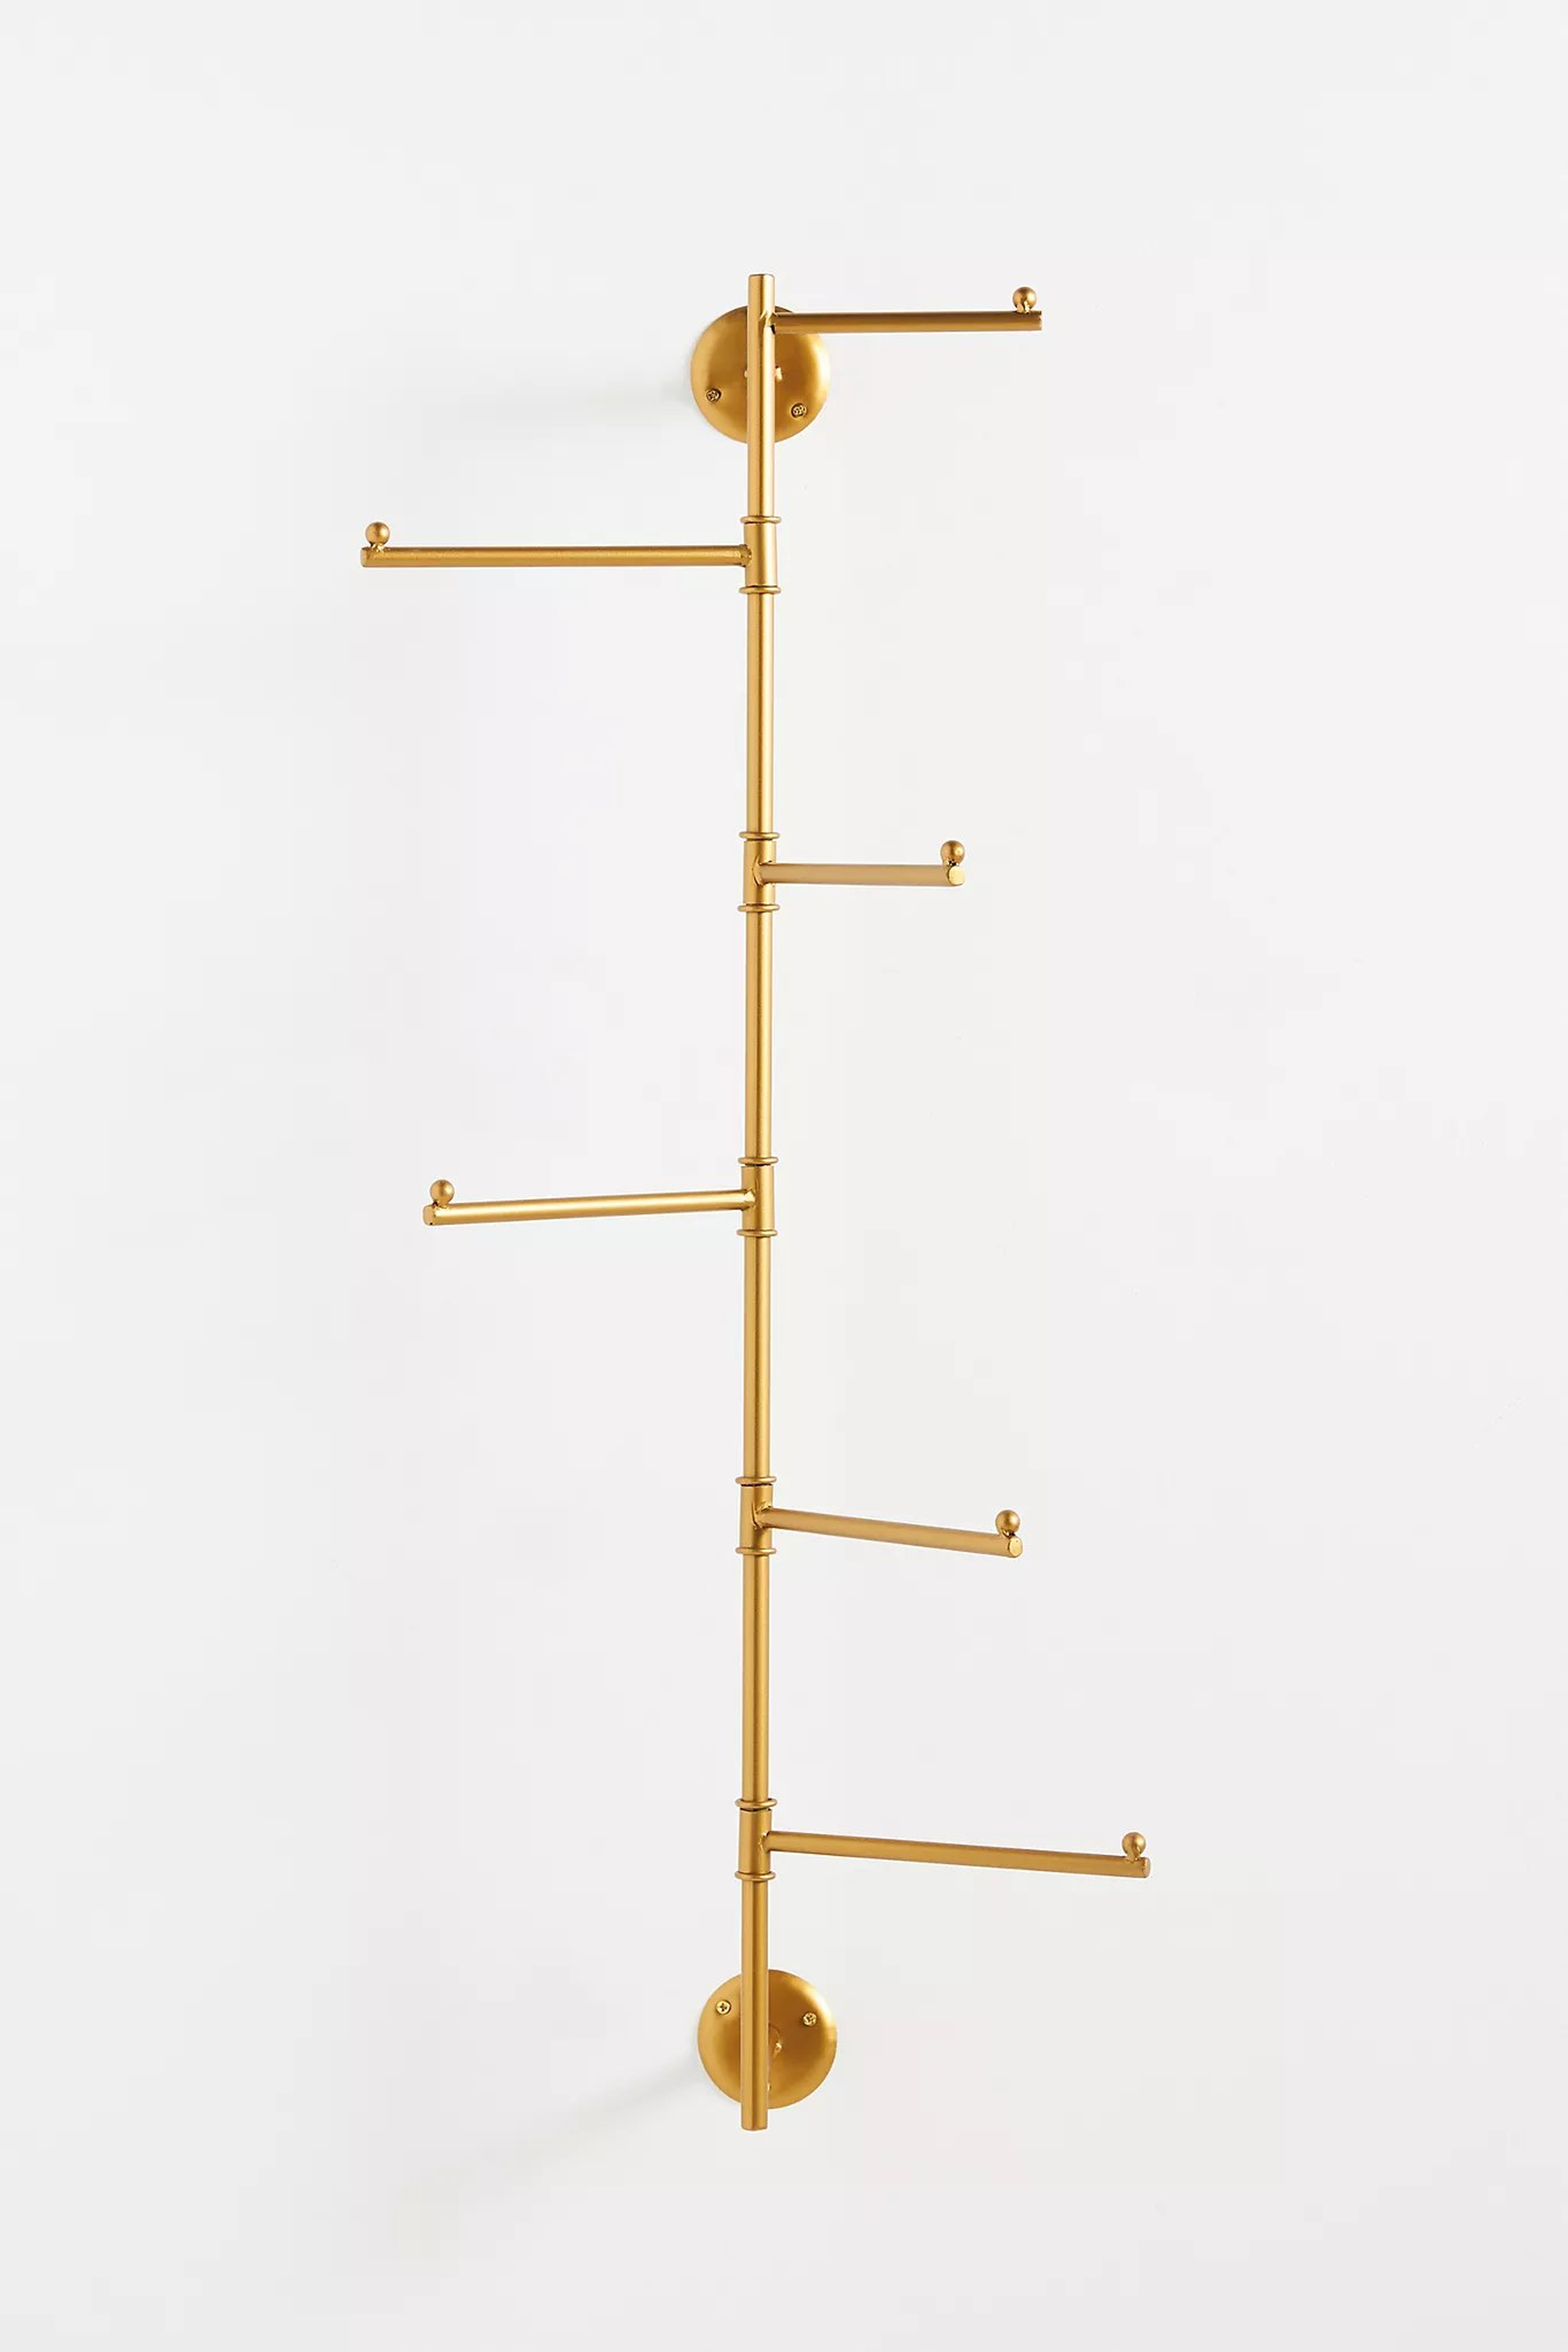 Swivel Hanging Rack By Anthropologie in Red - Anthropologie
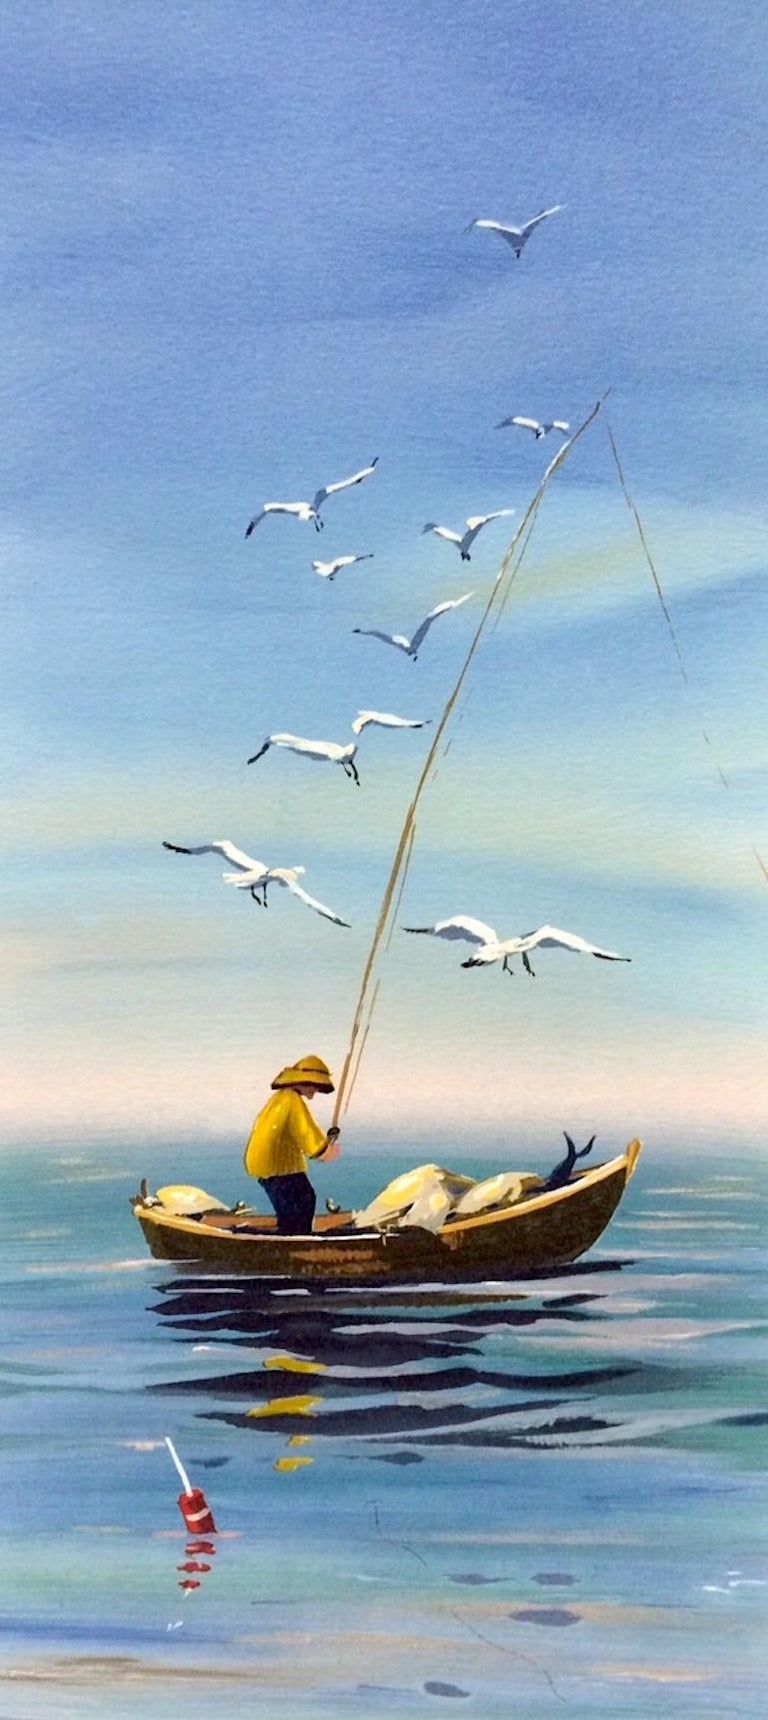 EARLY CATCH Signed Lithograph, New England Fisherman, Small Boat Print, Seagulls - Black Landscape Print by Sally Caldwell-Fisher
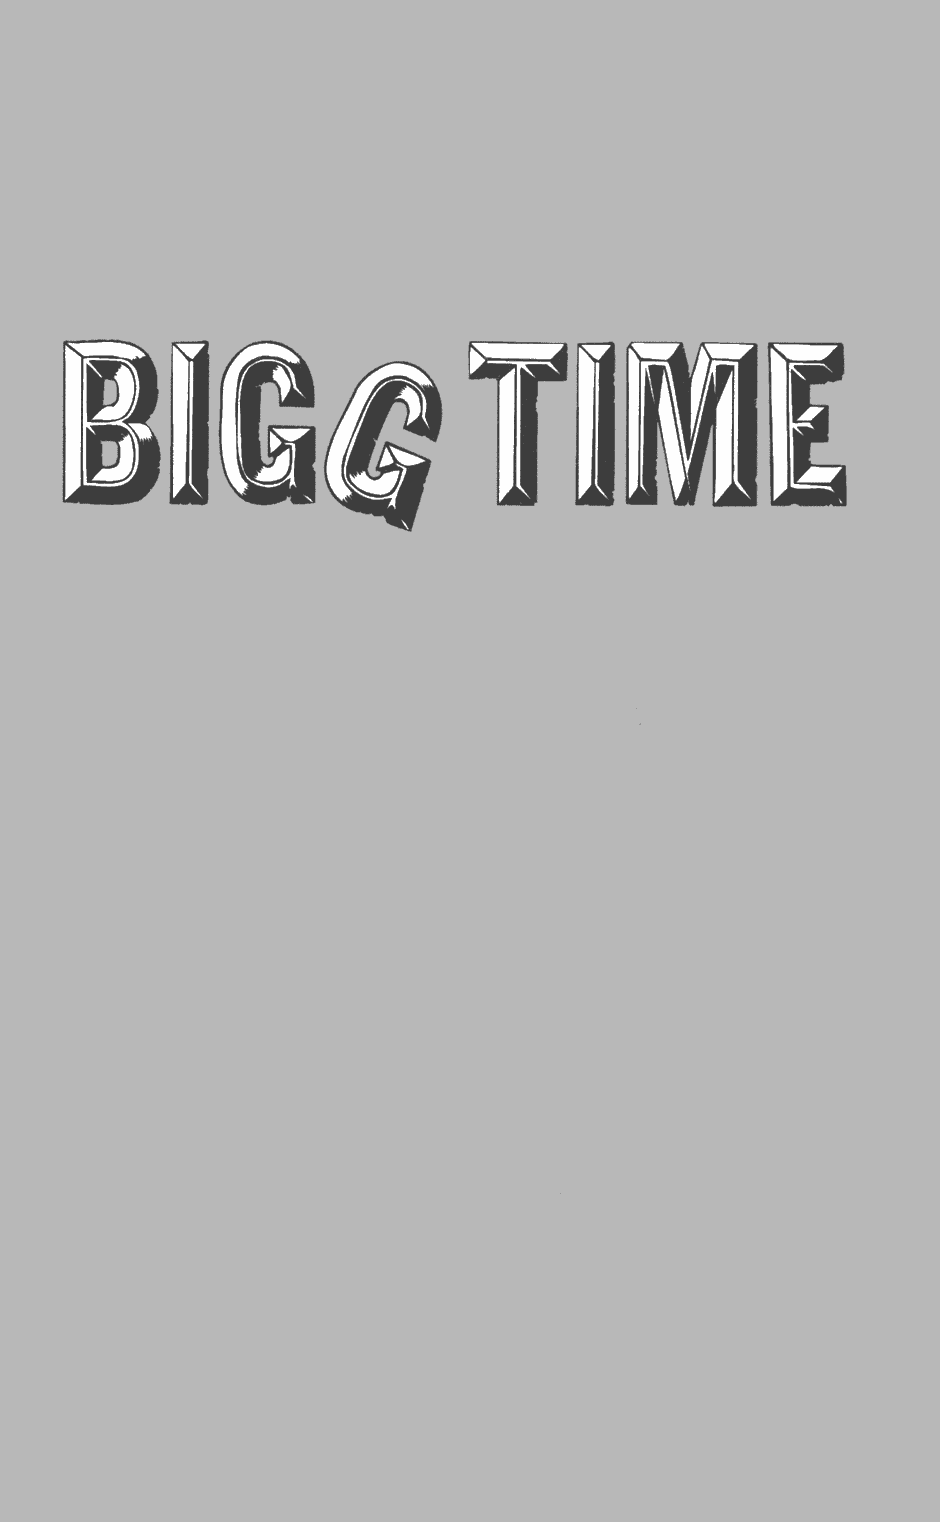 Read online Bigg Time comic -  Issue # TPB - 2

▸ **Exercise requirements**
Please retype the data exactly. The pictures do not go in.

▸ **Solved exercise**
 Swivel Hanging Rack By Anthropologie in Red - Anthropologie
 EARLY CATCH Signed Lithograph, New England Fisherman, Small Boat Print, Seagulls - Black Landscape Print by Sally Caldwell-Fisher
 Read online Bigg Time comic -  Issue # TPB - 2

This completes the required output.